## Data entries
++++++++++++++++++++

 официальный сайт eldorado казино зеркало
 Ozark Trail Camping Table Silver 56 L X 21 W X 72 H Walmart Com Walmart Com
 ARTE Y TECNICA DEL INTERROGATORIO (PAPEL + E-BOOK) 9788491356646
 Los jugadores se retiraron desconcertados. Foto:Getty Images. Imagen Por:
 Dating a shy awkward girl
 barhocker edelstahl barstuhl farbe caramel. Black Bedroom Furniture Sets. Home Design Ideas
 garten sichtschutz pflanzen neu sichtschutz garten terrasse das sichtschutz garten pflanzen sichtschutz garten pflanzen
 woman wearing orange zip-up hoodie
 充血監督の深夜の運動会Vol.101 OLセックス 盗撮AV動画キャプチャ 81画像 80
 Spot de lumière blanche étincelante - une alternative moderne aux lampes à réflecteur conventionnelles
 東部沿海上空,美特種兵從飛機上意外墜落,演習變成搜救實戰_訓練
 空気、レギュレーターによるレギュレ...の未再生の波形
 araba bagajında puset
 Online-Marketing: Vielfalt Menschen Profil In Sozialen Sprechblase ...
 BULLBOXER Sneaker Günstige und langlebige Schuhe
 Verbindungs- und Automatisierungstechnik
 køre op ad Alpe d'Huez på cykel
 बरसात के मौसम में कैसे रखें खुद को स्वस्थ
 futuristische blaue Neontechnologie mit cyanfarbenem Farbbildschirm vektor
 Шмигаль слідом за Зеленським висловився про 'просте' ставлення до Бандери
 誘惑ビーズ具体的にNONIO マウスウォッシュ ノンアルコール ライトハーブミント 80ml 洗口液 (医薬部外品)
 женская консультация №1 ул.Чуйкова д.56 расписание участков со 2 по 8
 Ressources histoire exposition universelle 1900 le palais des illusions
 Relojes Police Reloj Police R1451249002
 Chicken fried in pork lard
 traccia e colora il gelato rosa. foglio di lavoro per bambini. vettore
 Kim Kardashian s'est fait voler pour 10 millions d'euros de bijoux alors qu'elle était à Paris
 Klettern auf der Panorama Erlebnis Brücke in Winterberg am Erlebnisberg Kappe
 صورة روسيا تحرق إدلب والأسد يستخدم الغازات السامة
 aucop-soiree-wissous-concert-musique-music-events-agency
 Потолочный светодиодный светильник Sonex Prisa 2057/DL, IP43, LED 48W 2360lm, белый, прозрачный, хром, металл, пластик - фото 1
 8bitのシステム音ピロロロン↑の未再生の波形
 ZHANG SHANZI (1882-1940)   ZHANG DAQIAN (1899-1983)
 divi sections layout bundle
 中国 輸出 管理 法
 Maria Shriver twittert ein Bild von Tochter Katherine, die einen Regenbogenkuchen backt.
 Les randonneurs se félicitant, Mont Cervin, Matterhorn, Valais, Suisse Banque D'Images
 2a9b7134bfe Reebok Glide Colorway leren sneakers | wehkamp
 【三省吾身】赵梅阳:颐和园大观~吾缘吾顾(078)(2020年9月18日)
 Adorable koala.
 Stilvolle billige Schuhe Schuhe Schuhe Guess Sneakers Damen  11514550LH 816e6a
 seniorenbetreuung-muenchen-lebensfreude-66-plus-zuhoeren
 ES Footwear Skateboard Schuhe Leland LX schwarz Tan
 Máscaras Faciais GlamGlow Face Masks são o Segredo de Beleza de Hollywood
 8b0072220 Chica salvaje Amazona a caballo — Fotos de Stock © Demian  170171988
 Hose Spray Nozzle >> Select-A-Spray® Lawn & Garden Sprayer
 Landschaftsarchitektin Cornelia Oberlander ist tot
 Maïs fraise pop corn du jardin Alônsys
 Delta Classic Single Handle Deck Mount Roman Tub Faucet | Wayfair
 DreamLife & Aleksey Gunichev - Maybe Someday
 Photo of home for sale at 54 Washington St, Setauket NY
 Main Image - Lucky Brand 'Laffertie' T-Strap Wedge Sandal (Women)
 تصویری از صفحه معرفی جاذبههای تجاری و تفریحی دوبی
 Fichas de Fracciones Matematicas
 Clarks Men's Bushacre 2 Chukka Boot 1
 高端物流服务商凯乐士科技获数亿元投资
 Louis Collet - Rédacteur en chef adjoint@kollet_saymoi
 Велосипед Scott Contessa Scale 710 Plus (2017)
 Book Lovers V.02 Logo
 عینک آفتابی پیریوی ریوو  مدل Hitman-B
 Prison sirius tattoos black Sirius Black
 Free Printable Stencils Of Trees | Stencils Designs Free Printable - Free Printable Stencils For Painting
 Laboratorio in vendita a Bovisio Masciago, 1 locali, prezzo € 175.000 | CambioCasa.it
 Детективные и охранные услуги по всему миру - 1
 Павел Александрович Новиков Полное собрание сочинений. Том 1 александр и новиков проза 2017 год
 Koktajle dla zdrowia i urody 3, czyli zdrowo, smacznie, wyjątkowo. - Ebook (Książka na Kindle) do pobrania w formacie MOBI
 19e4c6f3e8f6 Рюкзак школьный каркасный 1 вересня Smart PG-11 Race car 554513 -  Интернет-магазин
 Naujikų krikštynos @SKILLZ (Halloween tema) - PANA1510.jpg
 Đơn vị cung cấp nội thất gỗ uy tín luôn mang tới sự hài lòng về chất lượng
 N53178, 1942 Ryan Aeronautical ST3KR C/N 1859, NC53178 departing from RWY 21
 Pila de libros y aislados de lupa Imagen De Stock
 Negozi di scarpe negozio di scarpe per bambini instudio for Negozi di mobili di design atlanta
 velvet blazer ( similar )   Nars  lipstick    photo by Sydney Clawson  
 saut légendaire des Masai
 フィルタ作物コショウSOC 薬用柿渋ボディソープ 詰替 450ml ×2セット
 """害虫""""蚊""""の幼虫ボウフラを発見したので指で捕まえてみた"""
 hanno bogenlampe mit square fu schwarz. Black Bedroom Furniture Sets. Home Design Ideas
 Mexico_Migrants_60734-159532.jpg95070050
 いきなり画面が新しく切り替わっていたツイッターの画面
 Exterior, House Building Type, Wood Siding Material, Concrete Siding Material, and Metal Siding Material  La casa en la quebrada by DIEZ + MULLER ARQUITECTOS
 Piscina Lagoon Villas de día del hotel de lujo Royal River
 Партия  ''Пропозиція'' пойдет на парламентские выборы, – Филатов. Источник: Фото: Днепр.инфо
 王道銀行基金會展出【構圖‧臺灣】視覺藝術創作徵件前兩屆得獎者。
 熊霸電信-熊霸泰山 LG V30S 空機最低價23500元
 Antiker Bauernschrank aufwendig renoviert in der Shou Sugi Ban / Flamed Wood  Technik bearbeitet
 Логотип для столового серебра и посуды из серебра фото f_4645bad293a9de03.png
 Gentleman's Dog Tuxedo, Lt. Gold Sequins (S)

++++++++++++++++++++

## Exercise brief
A word-for-word copy of the data is what should be returned.

## Solution for this problem
 официальный сайт eldorado казино зеркало
 Ozark Trail Camping Table Silver 56 L X 21 W X 72 H Walmart Com Walmart Com
 ARTE Y TECNICA DEL INTERROGATORIO (PAPEL + E-BOOK) 9788491356646
 Los jugadores se retiraron desconcertados. Foto:Getty Images. Imagen Por:
 Dating a shy awkward girl
 barhocker edelstahl barstuhl farbe caramel. Black Bedroom Furniture Sets. Home Design Ideas
 garten sichtschutz pflanzen neu sichtschutz garten terrasse das sichtschutz garten pflanzen sichtschutz garten pflanzen
 woman wearing orange zip-up hoodie
 充血監督の深夜の運動会Vol.101 OLセックス 盗撮AV動画キャプチャ 81画像 80
 Spot de lumière blanche étincelante - une alternative moderne aux lampes à réflecteur conventionnelles
 東部沿海上空,美特種兵從飛機上意外墜落,演習變成搜救實戰_訓練
 空気、レギュレーターによるレギュレ...の未再生の波形
 araba bagajında puset
 Online-Marketing: Vielfalt Menschen Profil In Sozialen Sprechblase ...
 BULLBOXER Sneaker Günstige und langlebige Schuhe
 Verbindungs- und Automatisierungstechnik
 køre op ad Alpe d'Huez på cykel
 बरसात के मौसम में कैसे रखें खुद को स्वस्थ
 futuristische blaue Neontechnologie mit cyanfarbenem Farbbildschirm vektor
 Шмигаль слідом за Зеленським висловився про 'просте' ставлення до Бандери
 誘惑ビーズ具体的にNONIO マウスウォッシュ ノンアルコール ライトハーブミント 80ml 洗口液 (医薬部外品)
 женская консультация №1 ул.Чуйкова д.56 расписание участков со 2 по 8
 Ressources histoire exposition universelle 1900 le palais des illusions
 Relojes Police Reloj Police R1451249002
 Chicken fried in pork lard
 traccia e colora il gelato rosa. foglio di lavoro per bambini. vettore
 Kim Kardashian s'est fait voler pour 10 millions d'euros de bijoux alors qu'elle était à Paris
 Klettern auf der Panorama Erlebnis Brücke in Winterberg am Erlebnisberg Kappe
 صورة روسيا تحرق إدلب والأسد يستخدم الغازات السامة
 aucop-soiree-wissous-concert-musique-music-events-agency
 Потолочный светодиодный светильник Sonex Prisa 2057/DL, IP43, LED 48W 2360lm, белый, прозрачный, хром, металл, пластик - фото 1
 8bitのシステム音ピロロロン↑の未再生の波形
 ZHANG SHANZI (1882-1940)   ZHANG DAQIAN (1899-1983)
 divi sections layout bundle
 中国 輸出 管理 法
 Maria Shriver twittert ein Bild von Tochter Katherine, die einen Regenbogenkuchen backt.
 Les randonneurs se félicitant, Mont Cervin, Matterhorn, Valais, Suisse Banque D'Images
 2a9b7134bfe Reebok Glide Colorway leren sneakers | wehkamp
 【三省吾身】赵梅阳:颐和园大观~吾缘吾顾(078)(2020年9月18日)
 Adorable koala.
 Stilvolle billige Schuhe Schuhe Schuhe Guess Sneakers Damen  11514550LH 816e6a
 seniorenbetreuung-muenchen-lebensfreude-66-plus-zuhoeren
 ES Footwear Skateboard Schuhe Leland LX schwarz Tan
 Máscaras Faciais GlamGlow Face Masks são o Segredo de Beleza de Hollywood
 8b0072220 Chica salvaje Amazona a caballo — Fotos de Stock © Demian  170171988
 Hose Spray Nozzle >> Select-A-Spray® Lawn & Garden Sprayer
 Landschaftsarchitektin Cornelia Oberlander ist tot
 Maïs fraise pop corn du jardin Alônsys
 Delta Classic Single Handle Deck Mount Roman Tub Faucet | Wayfair
 DreamLife & Aleksey Gunichev - Maybe Someday
 Photo of home for sale at 54 Washington St, Setauket NY
 Main Image - Lucky Brand 'Laffertie' T-Strap Wedge Sandal (Women)
 تصویری از صفحه معرفی جاذبههای تجاری و تفریحی دوبی
 Fichas de Fracciones Matematicas
 Clarks Men's Bushacre 2 Chukka Boot 1
 高端物流服务商凯乐士科技获数亿元投资
 Louis Collet - Rédacteur en chef adjoint@kollet_saymoi
 Велосипед Scott Contessa Scale 710 Plus (2017)
 Book Lovers V.02 Logo
 عینک آفتابی پیریوی ریوو  مدل Hitman-B
 Prison sirius tattoos black Sirius Black
 Free Printable Stencils Of Trees | Stencils Designs Free Printable - Free Printable Stencils For Painting
 Laboratorio in vendita a Bovisio Masciago, 1 locali, prezzo € 175.000 | CambioCasa.it
 Детективные и охранные услуги по всему миру - 1
 Павел Александрович Новиков Полное собрание сочинений. Том 1 александр и новиков проза 2017 год
 Koktajle dla zdrowia i urody 3, czyli zdrowo, smacznie, wyjątkowo. - Ebook (Książka na Kindle) do pobrania w formacie MOBI
 19e4c6f3e8f6 Рюкзак школьный каркасный 1 вересня Smart PG-11 Race car 554513 -  Интернет-магазин
 Naujikų krikštynos @SKILLZ (Halloween tema) - PANA1510.jpg
 Đơn vị cung cấp nội thất gỗ uy tín luôn mang tới sự hài lòng về chất lượng
 N53178, 1942 Ryan Aeronautical ST3KR C/N 1859, NC53178 departing from RWY 21
 Pila de libros y aislados de lupa Imagen De Stock
 Negozi di scarpe negozio di scarpe per bambini instudio for Negozi di mobili di design atlanta
 velvet blazer ( similar )   Nars  lipstick    photo by Sydney Clawson  
 saut légendaire des Masai
 フィルタ作物コショウSOC 薬用柿渋ボディソープ 詰替 450ml ×2セット
 """害虫""""蚊""""の幼虫ボウフラを発見したので指で捕まえてみた"""
 hanno bogenlampe mit square fu schwarz. Black Bedroom Furniture Sets. Home Design Ideas
 Mexico_Migrants_60734-159532.jpg95070050
 いきなり画面が新しく切り替わっていたツイッターの画面
 Exterior, House Building Type, Wood Siding Material, Concrete Siding Material, and Metal Siding Material  La casa en la quebrada by DIEZ + MULLER ARQUITECTOS
 Piscina Lagoon Villas de día del hotel de lujo Royal River
 Партия  ''Пропозиція'' пойдет на парламентские выборы, – Филатов. Источник: Фото: Днепр.инфо
 王道銀行基金會展出【構圖‧臺灣】視覺藝術創作徵件前兩屆得獎者。
 熊霸電信-熊霸泰山 LG V30S 空機最低價23500元
 Antiker Bauernschrank aufwendig renoviert in der Shou Sugi Ban / Flamed Wood  Technik bearbeitet
 Логотип для столового серебра и посуды из серебра фото f_4645bad293a9de03.png
 Gentleman's Dog Tuxedo, Lt. Gold Sequins (S)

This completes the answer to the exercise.